Howl & Growl. The "o" in "Growl" is scratched out.

Charming.

There's no visible house. No lights or people. Just the buzzing of insects, the caw of a raven doing its best horror-movie impression, and somewhere in the distance…howls.

Great. Just great.

I get out of the car with the kind of confidence usually reserved for people who don't have anxiety-induced heartburn. The moment my foot hits the dirt, the Uber driver slams the door shut and speeds off. He U-turns so fast he nearly clips a fern and disappears.

Coward.

"If I die, at least I won't have to pay rent." I mutter.

Sighing, I pull out my phone, and do what any responsible adult would do in this situation.

I take a selfie.

Messy curls, combat boots, forest in the background, caption:

"If I go missing, avenge me. Also check this address first. Xoxo."

Then I post it to my story. Because if I'm going to be kidnapped by cultists, I'm at least going viral.

I stand there for a beat, backpack slung over one shoulder, half a Twix in my hoodie pocket, and stare down the path like it might bite.

It probably will.

But honestly? I've done worse for less.

Once I wore a polyester sausage costume for twelve hours straight to hand out samples of vegan hot dogs outside a strip mall. At least this job involves trees and not meat substitutes that stink of sweat.

I step onto the path, the forest immediately swallows the light.

The walk is longer than it should be. The dirt is uneven, the humidity is rude, and something definitely rustles in the underbrush at one point. I pretend it's a squirrel even though it sounds like a saasquatch with asthma.

Branches slap me in the face, nature's apparently trying to alpha check me. A bird overhead screams in a way that sounds personal. I lose a clump of hair to a bramble and immediately consider turning back and demanding danger pay.

But I keep walking.

Because 1 rent, 2 debt, and 3 I already posted the selfie and there's no way I'm backing down now and admitting I chickened out. I'd rather die dramatically than live humbly. Always have.

It takes me twenty sweaty, mosquito-infested minutes to hike the rest of the way. My boots are covered in dirt. My hair's a humid disaster. There's a twig in my bra and I've accepted it as part of my personality now.

When I finally reach a clearing, I stop dead. There it is.

Howl & Growl Therapeutic Daycare.

Except it's… not what I expected.

The building is massive.
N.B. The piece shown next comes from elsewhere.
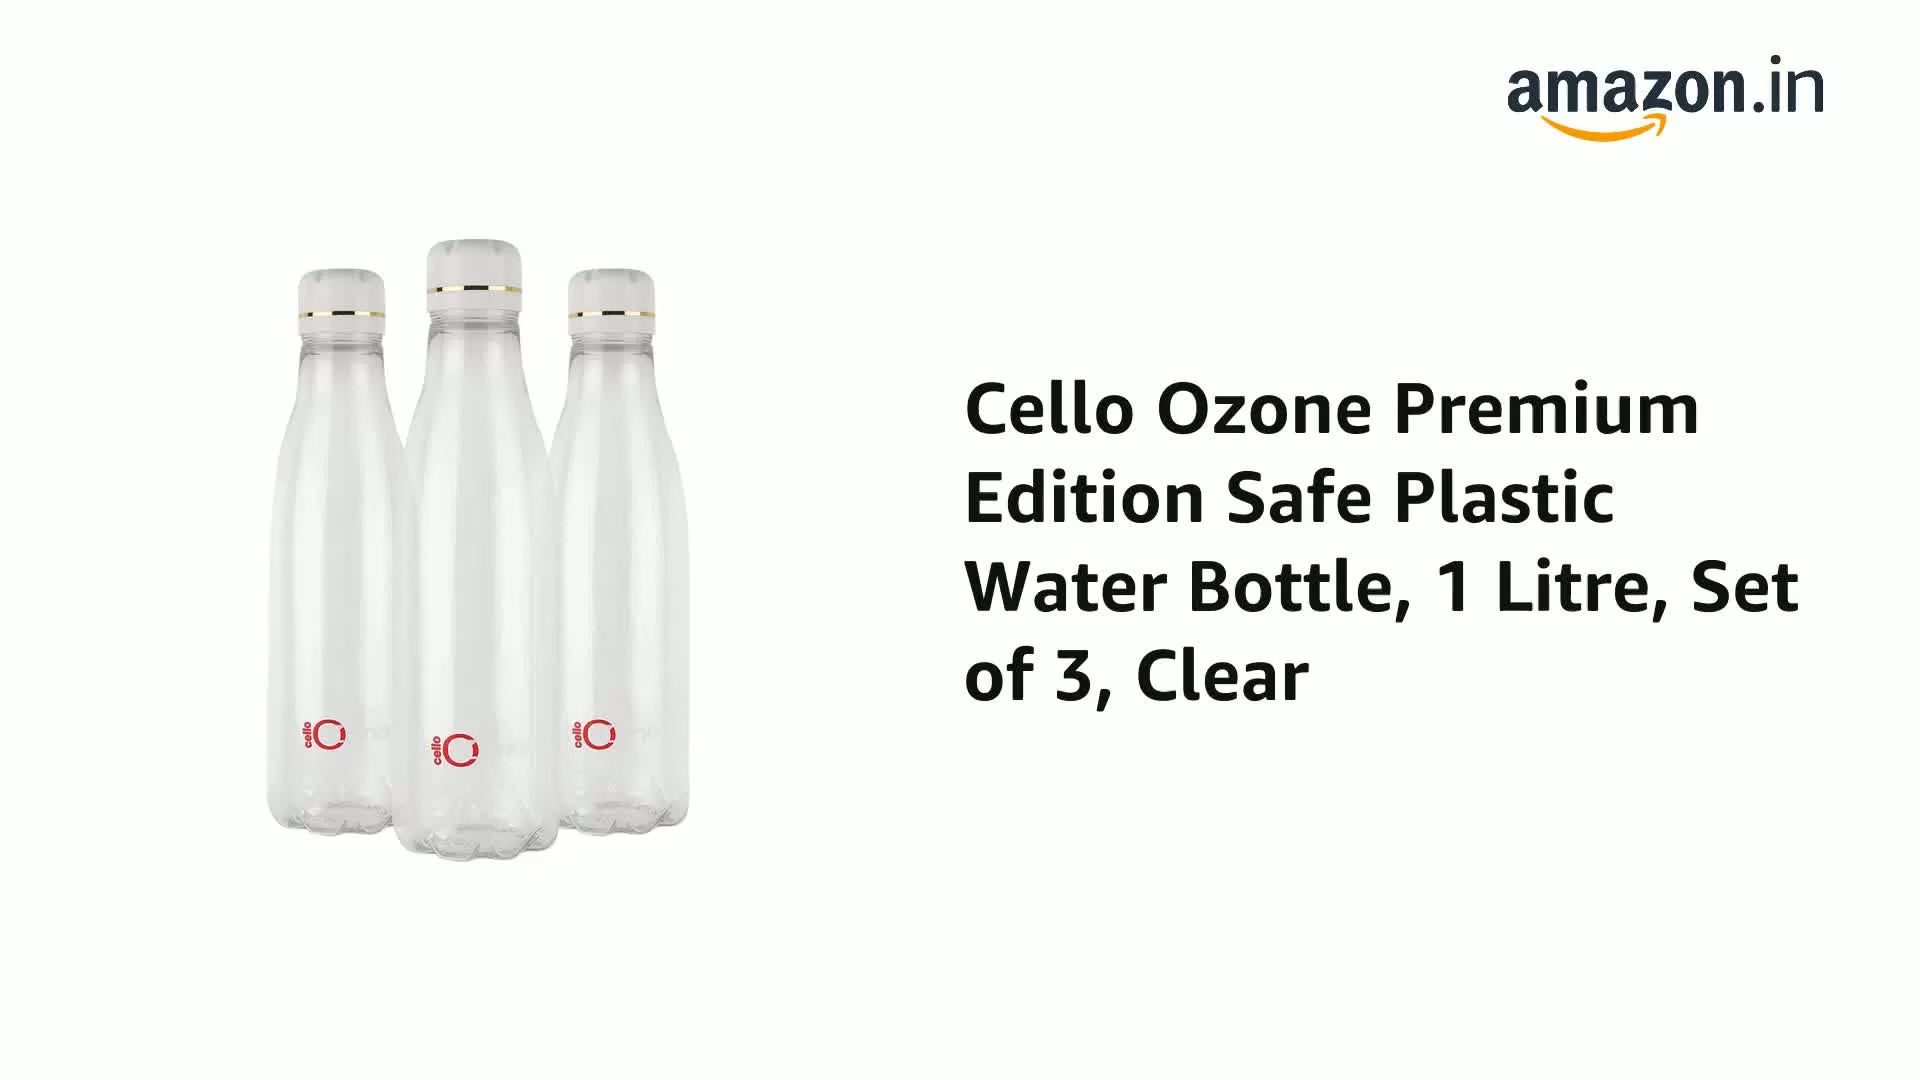 Cello Ozone Plastic Water Bottle 1000ml Set of 3 Clear, 2 image

Two stories of timber and moss-covered stone, more akin to a lodge used to host yoga retreats. The roof leans a little too far to the left. A faded wooden sign with peeling paint hangs above the porch, one cartoon wolf's smile chipped off entirely.

A playground sits to the left, its plastic slides cracked by weather and time. There's a chain-link fence, but the gate's open. No cars. No kids. No noise. The swings creak gently in the breeze, even though there's no wind.

The place smells like pine needles and secrets.

I stand there like an idiot for a second, wondering if I should knock, scream, or run. I approach slowly, the building might bolt if I move too fast. The front steps groan under my boots, every board screaming in protest.

Before I can decide to run, the front door creaks open on its own.

Not ominous at all.

Inside, it's weirdly clean. Like, suspiciously clean. White and modern, completely renovated with brand new fixtures and fittings. Totally the opposite of the outside.

Not the kind of clean you get from a daycare run by well-paid staff with Pinterest folders and laminated chore wheels. No, this is, sterile-military-experiment-pretending-to-be-normal, kind of clean.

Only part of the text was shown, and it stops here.